我怎样才能做到这一点?我已经尝试了 put(c) until EOF while 循环,但似乎无法从中得到任何东西。下面是我的整个程序,它最终会将数组放入 LLL。

#include <stdio.h>
#include <stdlib.h>

struct nodeA {
  int dork; 
  struct nodeA * next;
};

typedef struct nodeA d1;

struct nodeB {
  int dork;
  struct nodeB * next;
};

typedef struct nodeB d2;

struct mathOp {
  char operation;
  struct mathOp * next;
};

typedef struct mathOp dorkOp;

int main(int argc, char * argv[]) {
  char a;
  int b;    

  d1 * curr = NULL, * head = NULL;
  dorkOp * curr3 = NULL, * head3 = NULL;
  int i = 0;

  int aA[8] = {0};
  int aB[8] = {0};
  int tempA, tempB;

  if (argc != 3) {
    printf("Program takes <char> <int>\n");
    exit(-1);
  }

  a = atoi (argv[1]);
  b = atoi (argv[2]);

  printf("Test call a = %c, b = %d \n", a, b);

  tempA = b;
  tempB = b;

  for (i = 0; i < 1; i++) {
    curr3 = (dorkOp *)malloc(sizeof(dorkOp));
    curr3->operation = a;
    curr3->next = head3;
    head = curr;
  }

  while (curr3) {
    printf("%c\n", curr3->operation);
    curr3 = curr3->next;
  }

  for (i = 0; i < 1; i++) {
    curr = (d1 *)malloc(sizeof(d1));
    curr->dork = tempA;
    curr->next = head;
    head = curr;
  }

  while (curr) {
    printf("%d\n", curr->dork);
    curr = curr->next;
  }

  return 0;
}

【问题讨论】:

  • 您的大部分代码似乎与您的问题无关。只需检查argv[1][0]argv[1][1] 等,检查它们是否等于'1''0',如果是,请将它们复制到您的数组中。
  • 我看不到您如何将输入 10011 10110 转换为两个值 a = 10101, b = 01110。到目前为止,您的问题还没有被完全描述(充其量 - 最坏的情况是完全难以理解)。正如 Paul Griffiths 所指出的,大部分代码与您的问题无关;不需要结构类型来解决将转换后的参数复制到一个或多个数组的问题。我认为你应该暂时删除这个问题,弄清楚如何用两个样本输入(一个短,一个长)、相应的输出以及如何获得输出的解释来询问它。然后取消删除。
  • @JonathanLeffler:我相信转换逻辑是a[] 最终将由input[0]input[2]input[4] 等组成,而b[] 最终将由input[1]input[3] 等。
  • @PaulGriffiths:好的——如果我们将 a = 10101 视为类似以下内容的简写:a[] = { 1, 0, 1, 0, 1 };(这是实现的结果,而不是您实现它的方式)。我仍然不清楚程序将如何被调用:./a.out X "10011 10110",或者什么。并且长度是严格的 5 还是 11(或者是省略了空格,所以是 5 或 10)?当输入错误时程序应该怎么做(比如X作为字符,被atoi()转换成int)?但是,在一定范围内,你说的话是有道理的。
  • @JonathanLeffler:同意,我对putc(c) 的尝试有点迷惑。

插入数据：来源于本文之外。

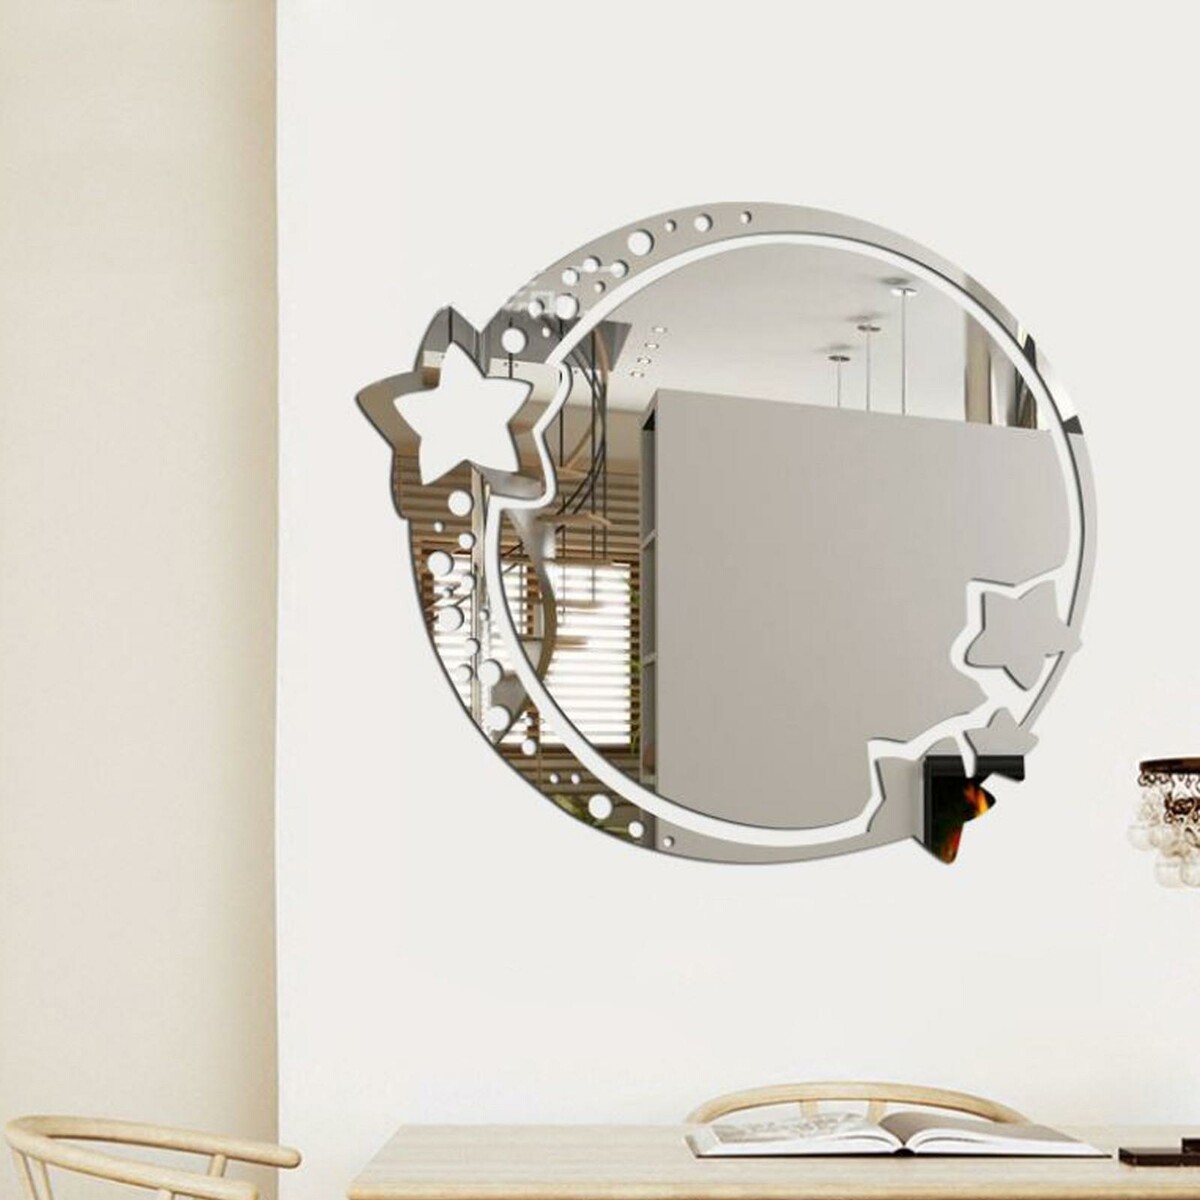 Зеркало настенное, наклейки интерьерные, зеркальные, декор на стену, панно 22 х 19 см кармашек на стену с зеркалом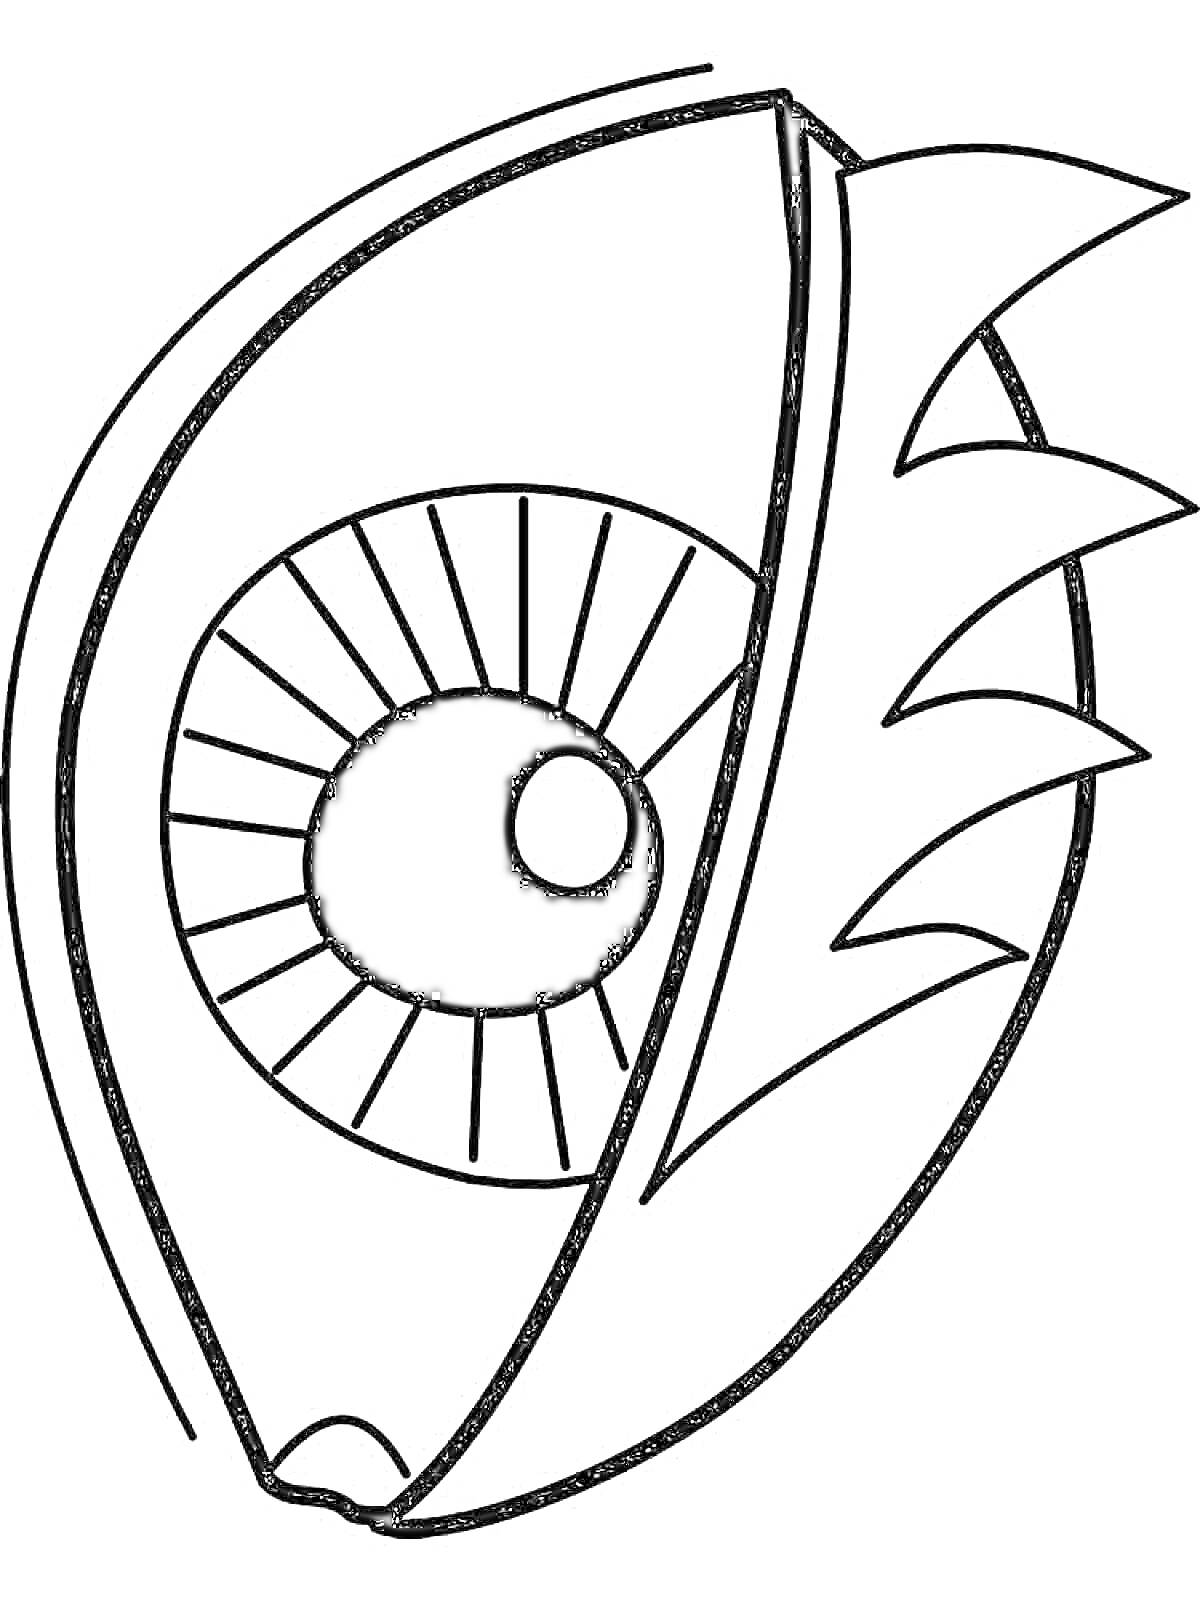 Раскраска Глаз с ресницами и декоративными элементами в виде зубцов

标签: c arrays parsing stdio


【解决方案1】:

我没有看到要回答的问题,所以这里是 OPs 代码,带有我的 cmets,前缀为 '&lt;--' 和以下行缩进。

  1. 良好的缩进有助于提高可读性, 所以我缩进了代码 (并修改了一些结构和变量定义 以符合良好的编码习惯)

编译结果如下:

50:16: warning: variable 'tempB' set but not used
48:9: warning: unused variable 'aB'
47:9: warning: unused variable 'aA'

我没有在以下代码中修复任何这些项目。 顺便说一句,为什么要发布无法编译的代码?

顺便说一句:此代码由 OP 提供,不执行 OP 备注中列出的任何操作。

#include <stdio.h>
#include <stdlib.h>

struct nodeA
{
    int dork;
    struct nodeA * next;
};

typedef struct nodeA d1;

struct nodeB
{
    int dork;
    struct nodeB * next;
};

typedef struct nodeB d2;

struct mathOp
{
    char operation;
    struct mathOp * next;
};

typedef struct mathOp dorkOp;


int main(int argc, char * argv[])
{
    char a;
    int b;
    d1 * curr = NULL;
    d1 * head = NULL;

    //d2 * curr2 = NULL;
    //d2 * head2 = NULL;

    dorkOp * curr3 = NULL;
    dorkOp * head3 = NULL;

    int i = 0;
    //int array[10] = {0};

    int aA[8] = {0};
    int aB[8] = {0};

    int tempA;
    int tempB;


    if(argc != 3)
    {
        printf("Program takes <char> <int>\n");
        exit(-1);
    }

    a = atoi (argv[1]);  
    // <-- argv[1] is expected to be a char, 
    //     and 'a' is defined as a char
    //     so the result of atoi() will be 0
    //     and 'a = 0' probably will not yield anything useful 

    b = atoi (argv[2]); 
    // <-- argv[2] is a null terminated string of 1s and 0s, 
    //     which would be easy to parse, so why the conversion? 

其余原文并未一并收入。